Жиров стоял перед ним навытяжку. Не только потому, что Крюков был статский полковник, а по причине его причастности к святому искусству, печатным книгам.
— Отступление, надо полагать, будет временным, Федор Дмитриевич, — сказал Жиров.
Крюков свел колени, распрямил спину, сказал грустно:
— Нет, подъесаул, к сожалению, это отступление будет последним.

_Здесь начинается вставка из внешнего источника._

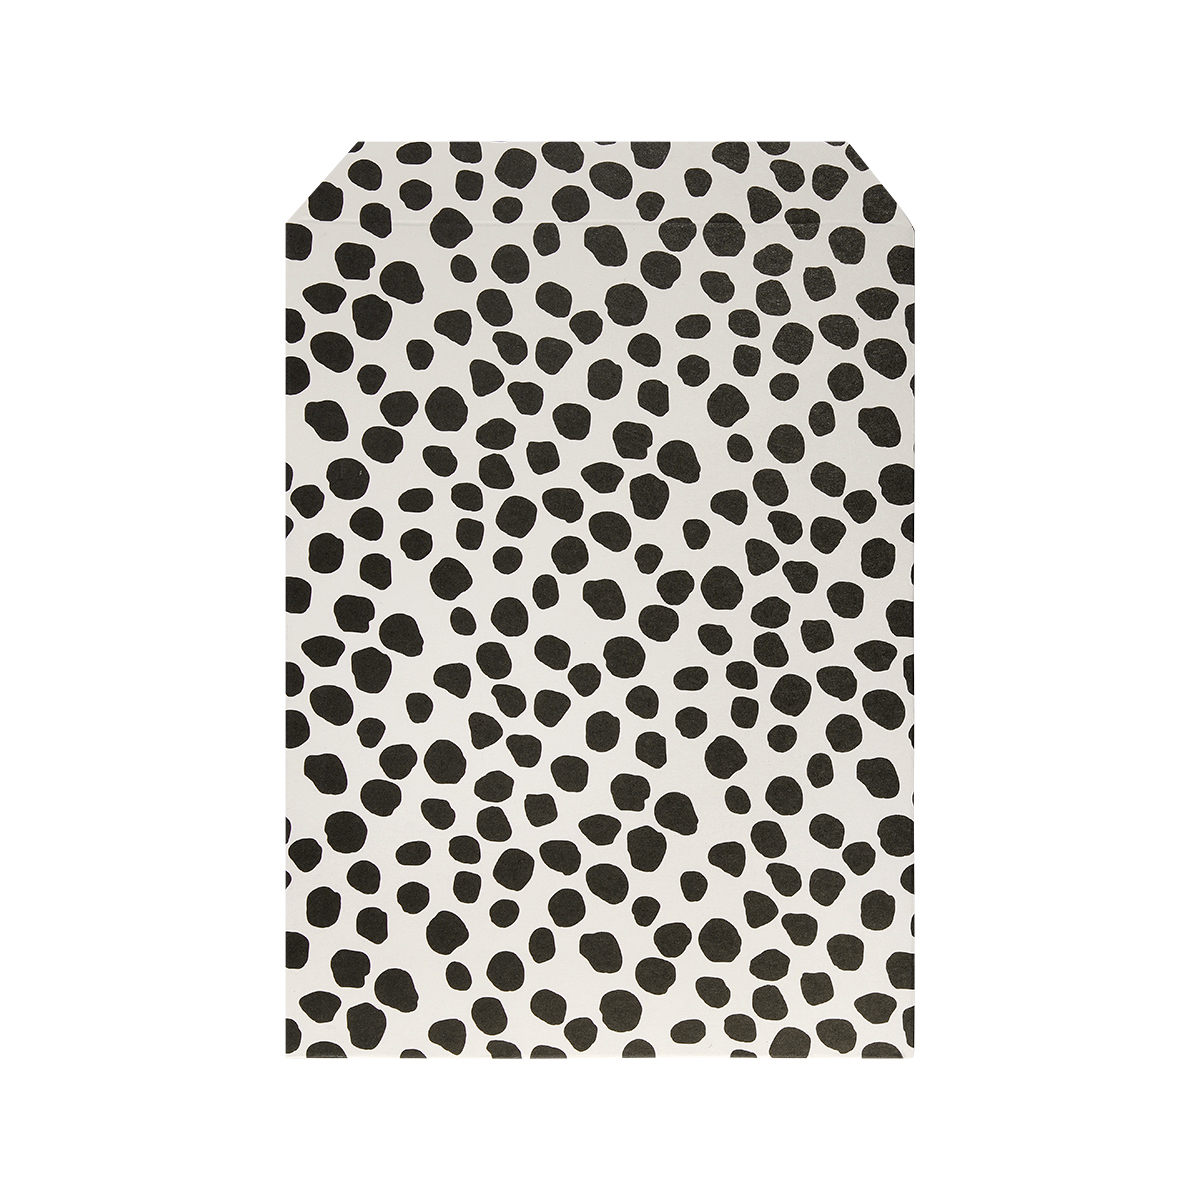 Bolsa de papel con estampado de leopardo pequeña

В том-то и ужас, что... дележ шкуры неубитого медведя всегда приводит... Впрочем, что ж распространяться на эту больную и необъятную по своему значению тему! Зачем? Но, знаете ли, я раздумал ехать. Не стоит... А полковнику Грекову передайте от меня искреннюю благодарность за внимание, я тронут. От всей души, — тут Крюков вежливо поднялся.
Жиров все понял, однако же не мог так просто согласиться с ответом писателя.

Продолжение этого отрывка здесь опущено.